The 2024 project includes several new features that did not appear in the 2018 Institutional Framework Agreement. It involves both establishing new institutional rules for certain existing bilateral agreements and, a new element, concluding new agreements (electricity, public health and consumer protection). Due to its political importance, we will focus here mainly on the institutional aspect.
A new vertical logic to avoid the guillotine effect
There are notable differences in form between the 2024 project and that of 2018. The latter was designed as a horizontal treaty. It provided for a single institutional framework. It was planned to apply it to five already existing bilateral agreements, as well as future agreements.
The 2024 project takes us from a horizontal logic to a vertical logic. In other words, each of the five pre-existing bilateral agreements, as well as each of the new agreements, is provided with its own institutional framework. Concretely, however, the general result is similar to that obtained in 2018.
So what is the advantage of this new vertical approach? First, it raises the specter of a sort of “super-guillotine”. Indeed, a possible denunciation of the 2018 Framework Agreement would have had cascading consequences on several other bilateral agreements which would have been automatically repealed. Secondly, it allows some adaptations to take into account the specificity of the agreements, particularly in terms of the adoption of relevant European law by Switzerland.
If the general form changes between the 2018 project and that of 2024, it must nevertheless be emphasized that the fundamentals remain the same.
Dynamic resumption of EU law, but disputes settled by an Arbitral Tribunal
First, Switzerland is committed to dynamically taking up the development of relevant EU law with a few exceptions (see below).
Second, disputes between Switzerland and the EU will have to be settled before a joint arbitration tribunal. Exit therefore the logic of “political” settlement which prevailed until now and which had the consequence that bilateral disputes often remained pending. As was the case in the 2018 draft, the arbitral tribunal remains bound by the judgments of the Court of Justice of the EU, if the dispute concerns the interpretation and application of EU law.
Concerning Switzerland's dynamic takeover of the development of relevant EU law, there are nevertheless some interesting exceptions in the 2024 project. They were fiercely negotiated by Switzerland.

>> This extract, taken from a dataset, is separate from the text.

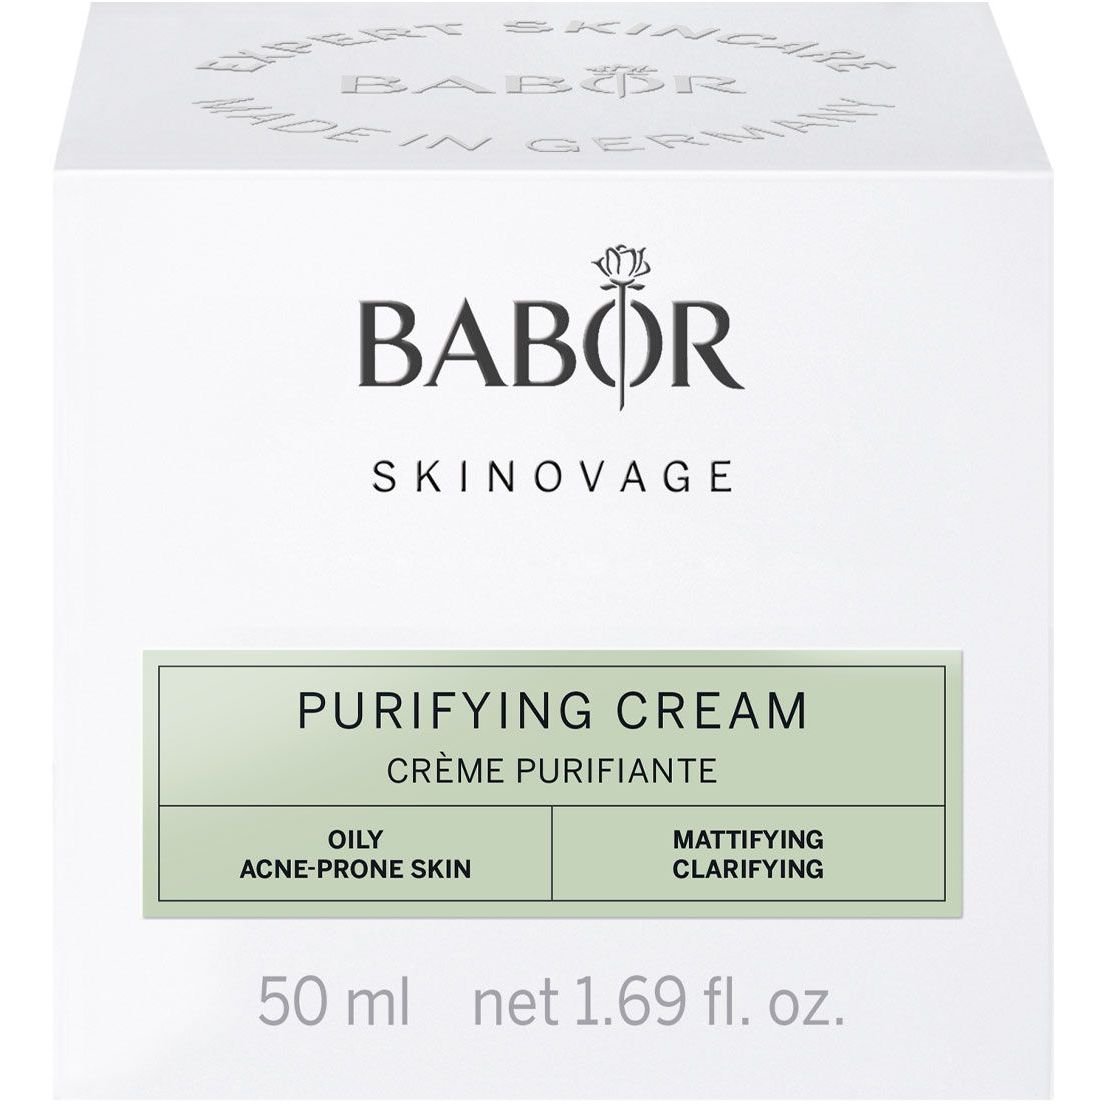 Крем для проблемной кожи Babor Skinovage Purifying Cream 50 мл - фото 2

For example, when a new European provision constitutes a “social regression” compared to Swiss law, Berne could refuse to incorporate it into its legal order. However, this exception only concerns posted workers.
Note that the notion of social regression is not defined and could, of course, be subject to contradictory interpretations between the EU and Switzerland. In this case, the joint arbitral tribunal would decide.
Elements of flexibility in the social file…
Another example, we remember that the 2018 draft agreement was the subject of criticism because it could have implied a resumption by Switzerland of the entire Directive on the rights of EU citizens.
The 2024 text is more precise and emphasizes that several elements of this directive must not be necessarily incorporated by Switzerland, in particular those which prevent the automatic expulsion of “foreign criminals” or those which could lead to “social tourism”.
We also remember that the 2018 agreement had generated numerous controversies concerning the removal of the deposit required from companies employing posted workers. As a reminder, this provision of Swiss law allows pressure to be exerted to ensure that the rules on posted workers are respected. The 2024 agreement does not bring about much change in this area. He just reiterates that a deposit can only be required in the case of fraudulent companies.
Another controversy concerned the reimbursement of fees paid to these same posted workers. European law provides that they correspond to the rates of the worker's country of origin, generally lower than those of Switzerland. The 2024 project does not specifically address this issue. The Federal Council states cryptically that “Switzerland will fully exploit the room for maneuver offered by the EU directive on the posting of workers”. A way of saying that we could not apply EU law because several EU states are already distancing themselves from it.
…and in the immigration file
Beyond the institutional questions linked to the resumption of EU law, Switzerland also took advantage of the negotiations to obtain some changes in the Agreement on the Free Movement of Persons (ALCP). Previously, the safeguard clause to limit immigration in the event of serious economic or social difficulties could only be activated if Switzerland and the EU agreed to it. From now on, Switzerland can activate this clause unilaterally under the control of the arbitral tribunal. The EU, however, reserves the right to take proportionate compensatory measures.
Finally, regarding Switzerland's participation in intra-European cohesion, which was not mentioned in the 2018 agreement, Switzerland undertakes to pay, from 2030, a contribution of 350 million francs per year against 130 currently. Until now, this contribution was not included in any bilateral treaty; a simple memorandum did the trick.
In conclusion, the 2024 draft agreement clarifies certain points which were the subject of concerns in 2018. It removes certain ambiguities and offers more explicit guarantees to Switzerland, particularly in terms of autonomous management of immigration. In this sense, we can say that it is more favorable to Swiss interests, without however bringing revolutionary new features.